When the patent on a novel drug expires, drug companies (sponsors) that want to manufacture a copy drug can apply to the regulatory agencies to sell a generic version of the drug. The development of a generic drug are based on the evaluation of the bioequivalence, assessed only in some tens of healthy volunteers. When generic drugs enter the market, the supply extends and drug prices fall making easier access to consumers.

Taller de Mètodes Multivariants pe a la Integració de Dades Òmiques (o no)

El taller s'inspirarà en el capítol 11 del llibre obert "Computational Genomics with R" i, enllaçant amb la primera part de la xerrada anterior practicarem alguns mètodes clàssics i moderns que ens permeten combinar dades de tipus diferents per tal d'aconseguir una explicació més complerta de la que ens oferiria cadascuna de les dades parcials per separat. Ho practicarem amb dades òmiques de càncer que ens descarregarem del TCGA i, "if time permits" veurem com muntar un pipeline complert d'anàlisi amb el paquet "targets".

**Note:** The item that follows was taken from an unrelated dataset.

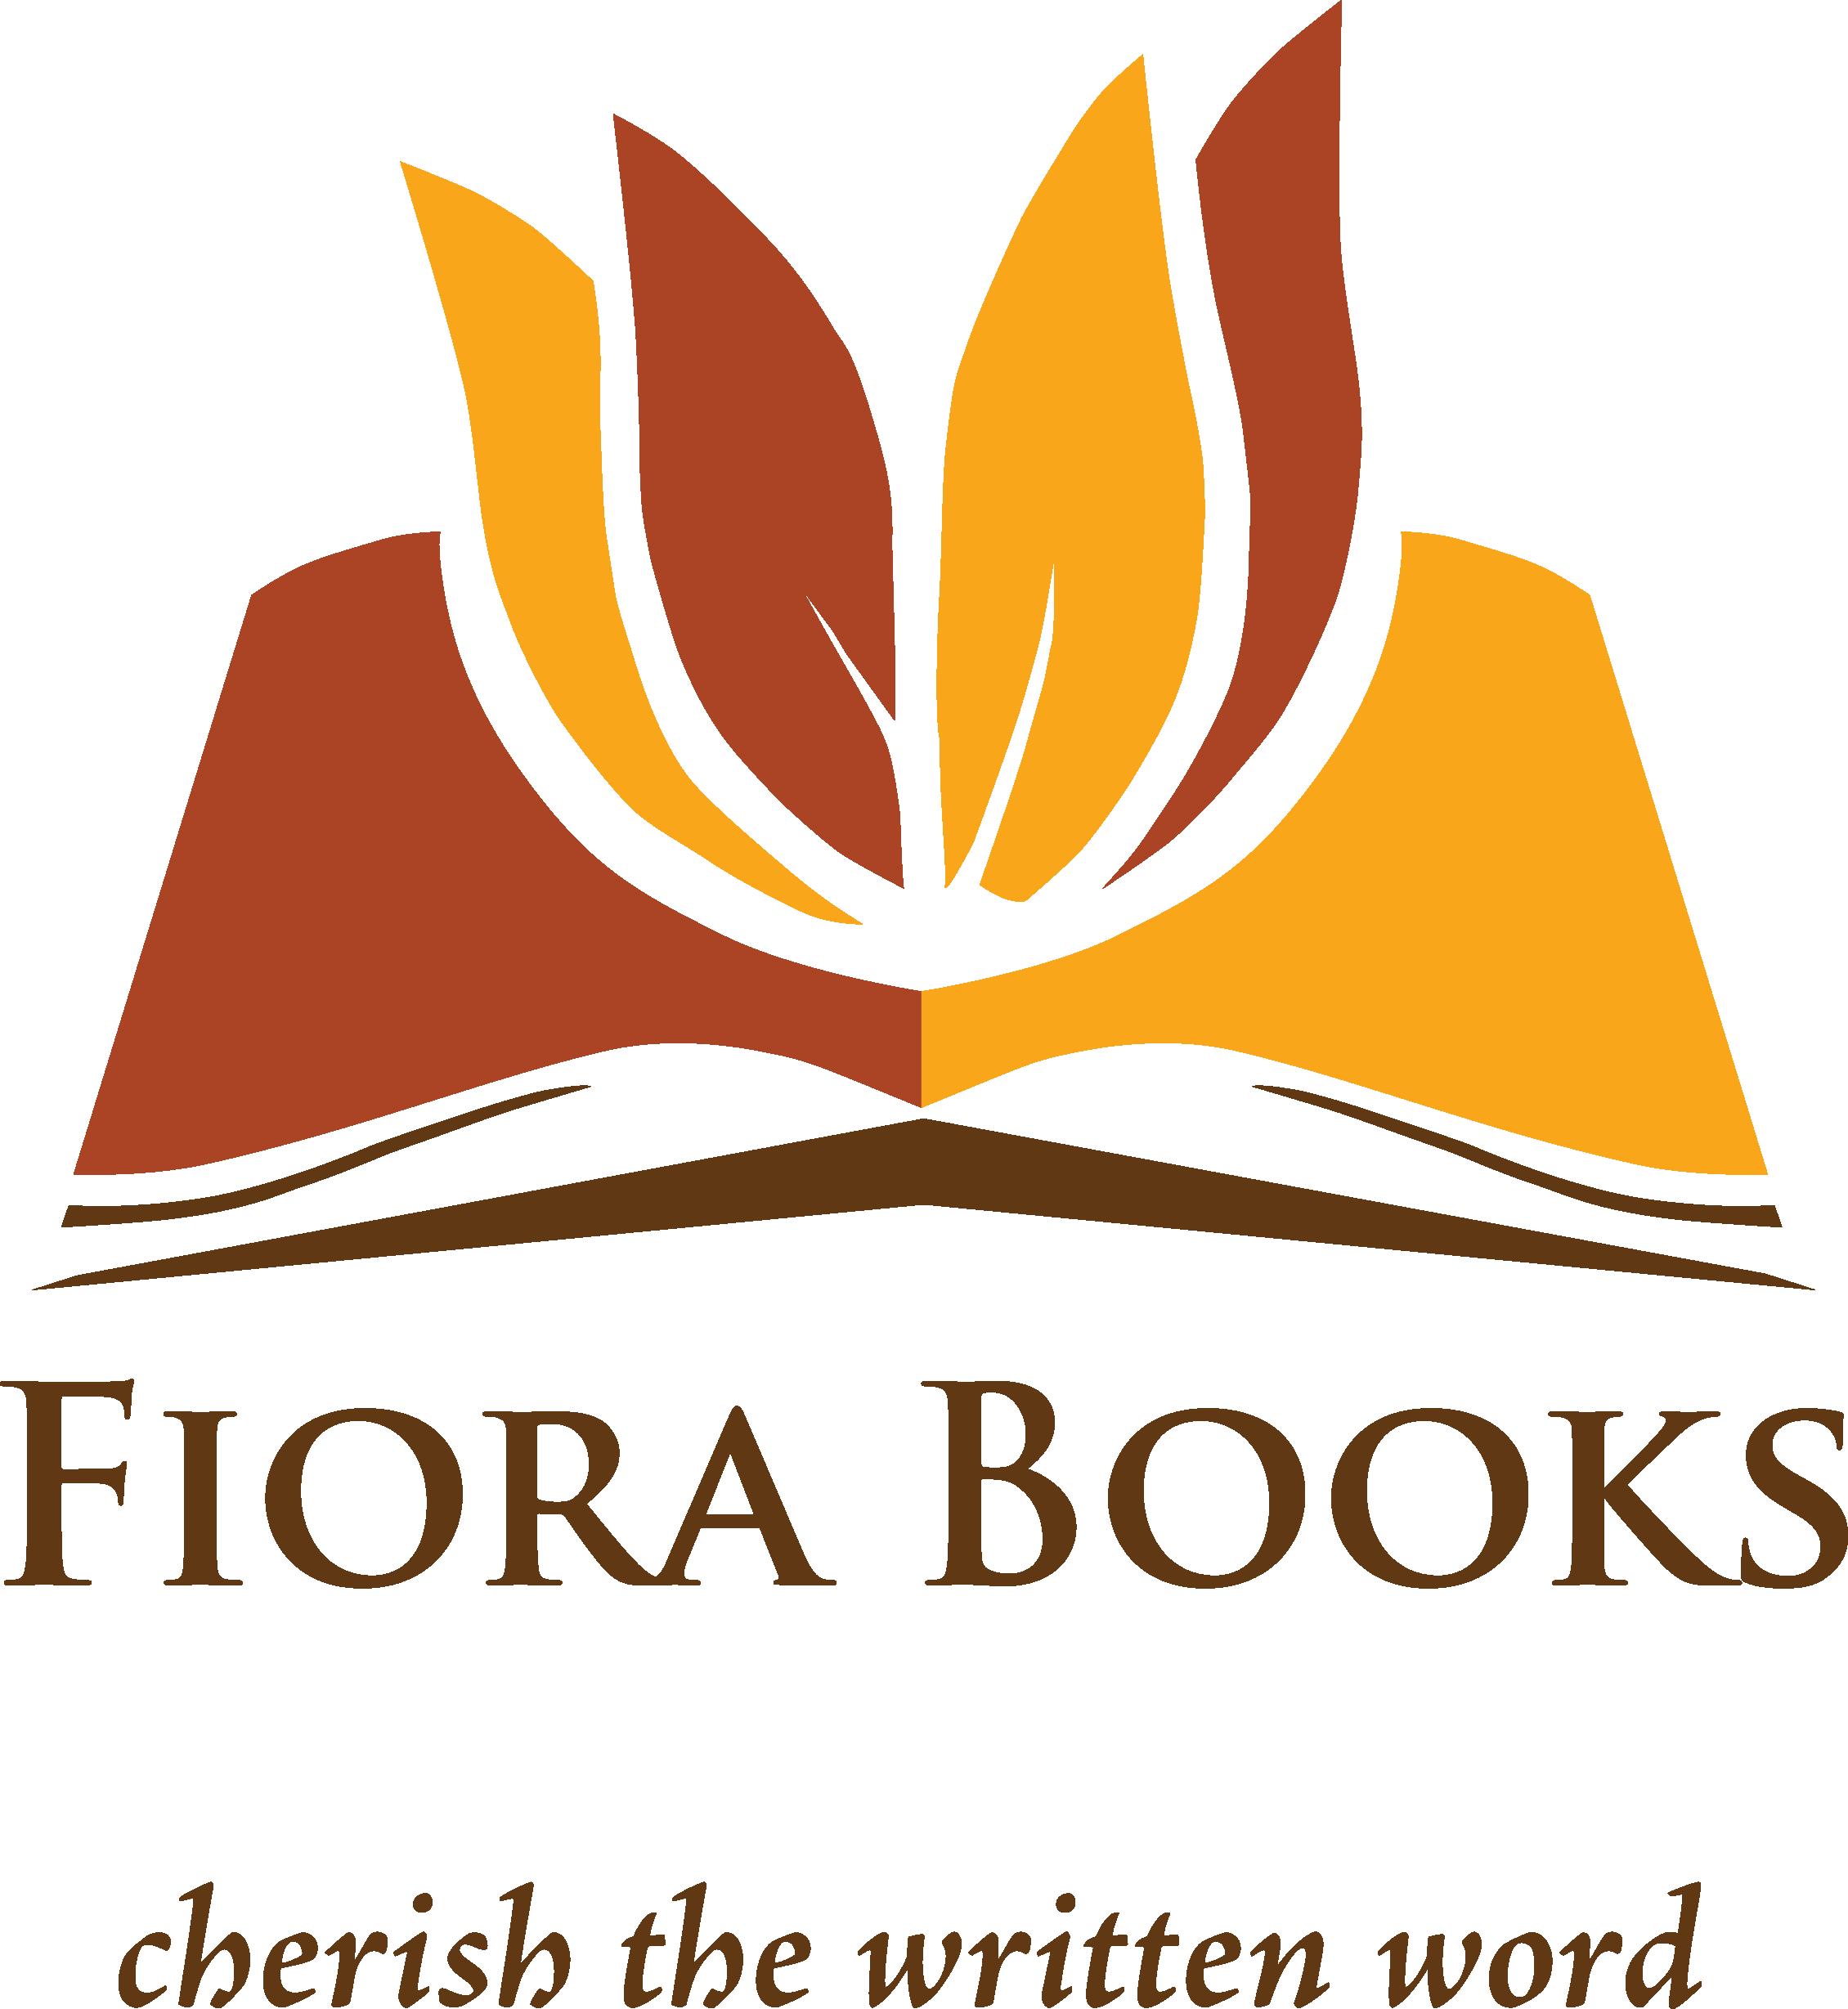 Fiora-Books-Logo-print.png (2260×2457)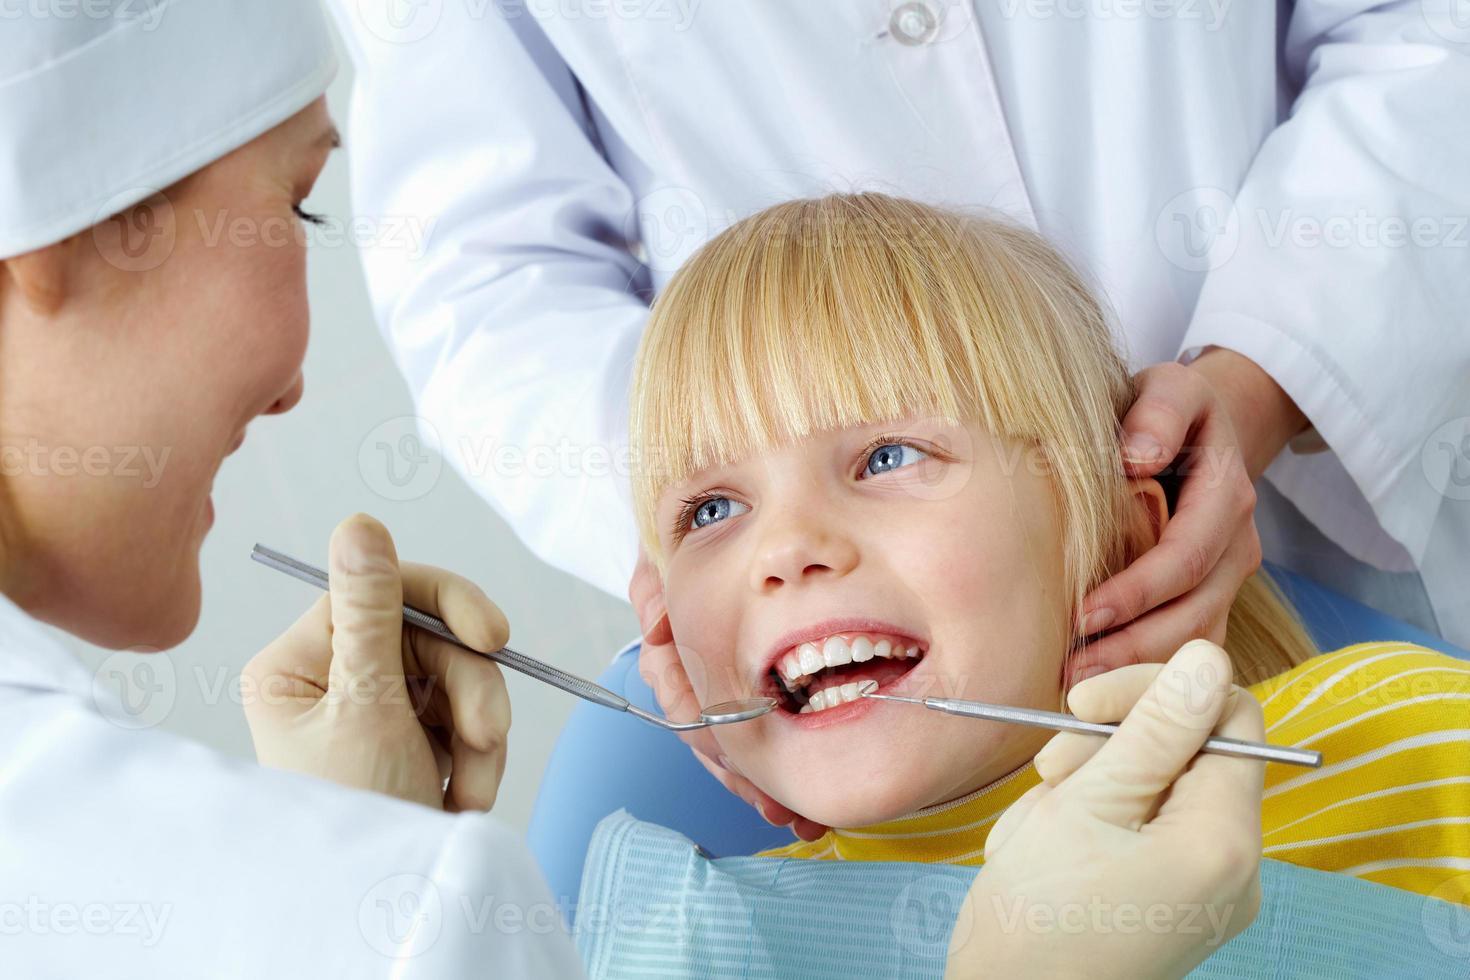 chequeo dental foto

New kid on the GRBIO block. What will Dani be up in the next 2 years?

As this is my first GRBIO retreat and I might be quite a stranger to quite a few GRBIO members, I will briefly be outlining the lines of future research (out of the GRBIO research projects) I will be working on in the next two years. This mainly will include my research collaboration with Sant Joan de Déu Foundation (CIBERSAM research group) and the clustering model research group of the School of Mathematics and Statistics at the Victoria University of Wellington.

 

From Artificial Neural Network to Deep Learning

Artificial neural networks is a type of classical algorithm that began to develop in the 50s of the last century. It has some basic elements that give it a very versatile character. It has been in recent years, with an increase in the computing power of computers, when its potential has been harnessed from Deep Learning. In this presentation we will talk about all this and will show some applications in Deep Learning.

 

The Sorensen-Dice dissimilarity. A journey from ecosystems to gene lists comparison

Genomics (and “omics” in general) provides huge amounts of data, frequently as lists of gene identifiers (e.g., those expressed in a specific disease). A way to biological interpretation of these lists is given by the Gene Ontology, GO, a hierarchic system (from more general to more specific) of biological concepts, designated as GO items or nodes. A gene is “annotated” in a GO item if this concept is applicable to it (e.g., if the gene participates in “membrane transportation”). A GO item is known as “enriched” in a given list if it is overrepresented in the list (overly annotated, more than could be expected by chance). A way to measure biological similarity or dissimilarity between two gene lists could rely on how many enriched GO items they share. Substituting “gene” by “species”, “gene list” by “ecosystem” and “enriched” by “present at”, there are curious coincidences waiting to be exploited.

 

Sports analytics: overview, R packages, and applications on survival studies

In this talk, we will provide an overview of the role of statistics in the world of sports by presenting some key aspects about the types of data and asking why statistics are increasingly necessary in this field. Likewise, we will present a list of R packages that can be useful on this topic. Finally, we will show how survival analysis can be applied to sports analytics by means of two examples from basketball and Australian rugby.